Our youthful dreams of grandeur were mostly our own.  We were not wrong to dream them, but in the face of real life and God’s greater plan, they didn’t mean or amount to all that much.  And cynicism comes easy when you merely compare the youthful dream with the stark reality.  Most of our dreams are lost and forgotten in time.  Most of our goals remain unfulfilled.  Few succeed in achieving what was dreamed about in youth.

Wisdom, however, helps us understand that whatever visions and plans we may have once had, ultimately, all of us make daily decisions that bring us step by step to the threshold of today.  This is the wisdom of personal responsibility.  The wise will not blame others for what might have been but somehow never was.  No matter how awful or difficult the path became, we all had choices about the way we would live our lives.

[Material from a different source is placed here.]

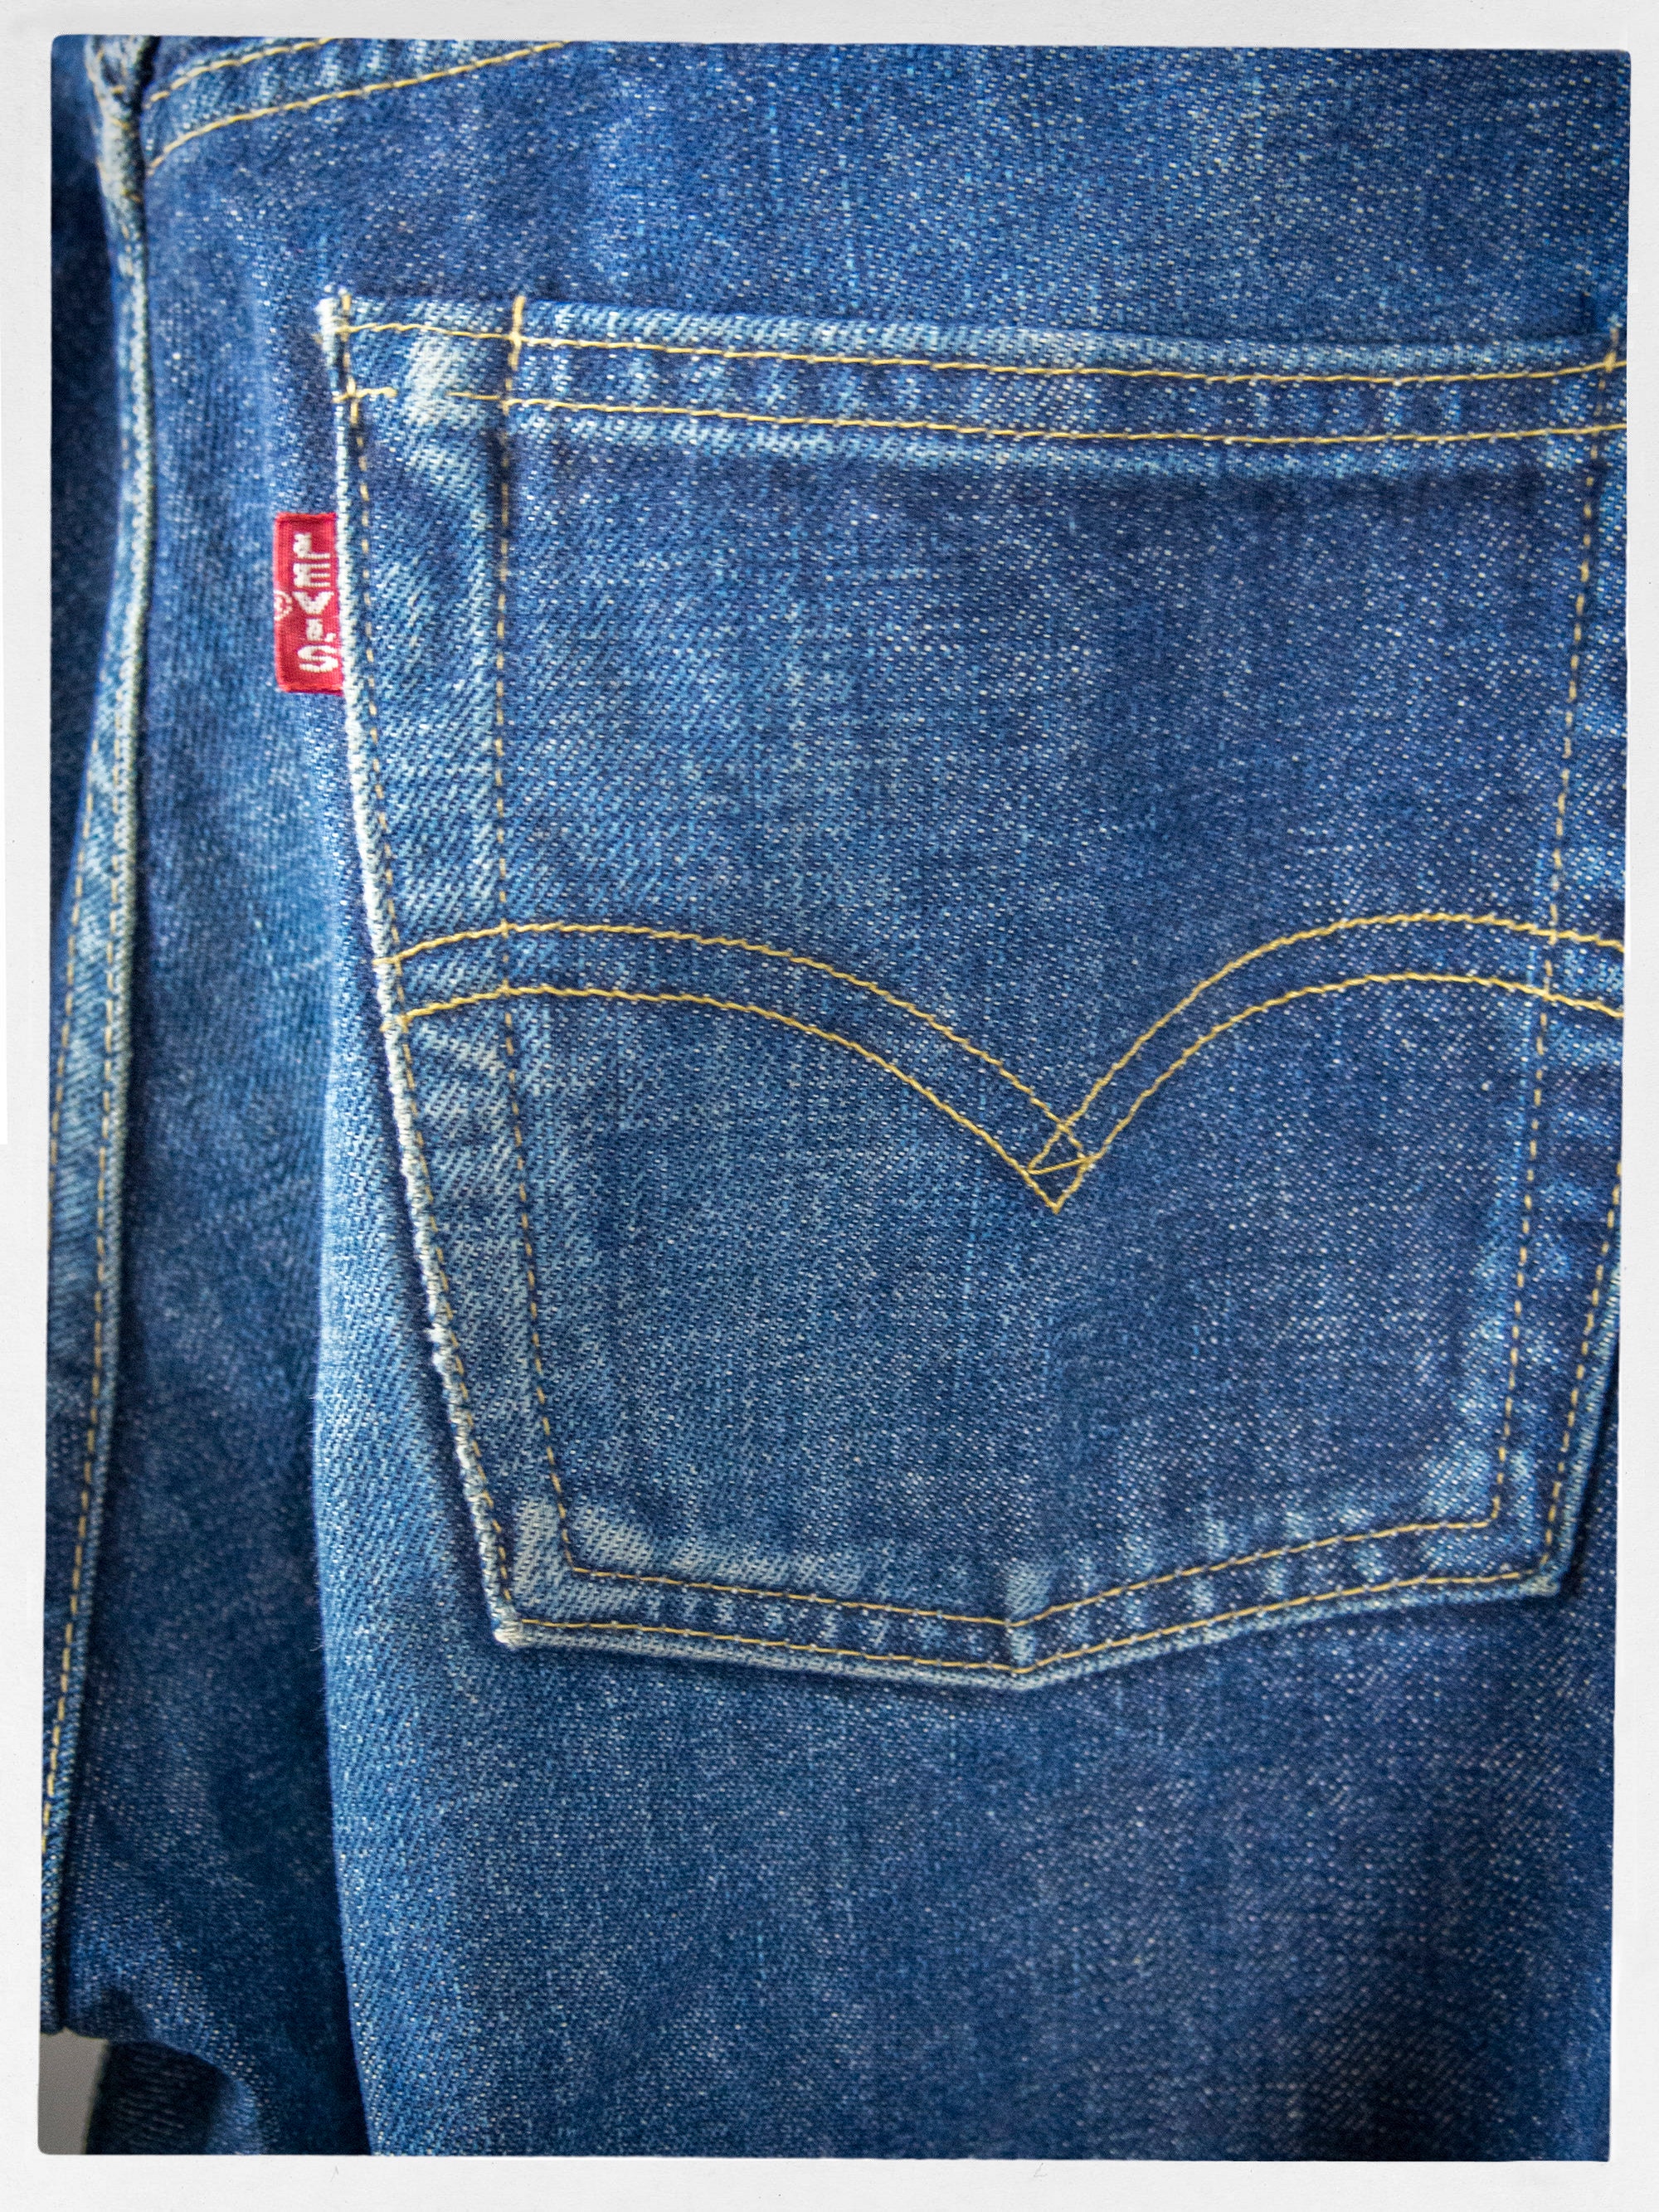 Retro 80s Levi's Jeans, 503 Bxx Denim Jeans, Big E Indigo Jeans

Wisdom also affirms that life is more than choices.  This is our Father’s world, and our decisions are always coupled with His sovereign—and sometimes incomprehensible—purposes and plans.  True wisdom surrenders to the ways of a God who is wholly worthy of our trust.  We may have wanted more for ourselves when God wanted less.  The opposite is also true.  Many well-known believers never sought fame, fortune, or “scope” in their service of the Lord.  God simply chose to elevate and multiply what they were humbly doing for His own purposes and glory.  They were faithful, of course, but He was the Master Planner, opening doors for a broader base of impact.

Wisdom understands this and gives God all the glory.  Our calling, then, is not to fulfill our wildest dreams or achieve our highest goals, noble though they be.  There’s nothing wrong with wanting to be more, of course, but just like John the Baptist, sometimes God calls us to be less (John 3:30).  The cynic lives in bitterness and regret over all that might have been.  The sage knows that sometimes less is more in the long-range economy of an omniscient and omnipotent God.  In this we can be content, giving Him our sincerest thanks and most joyous praise.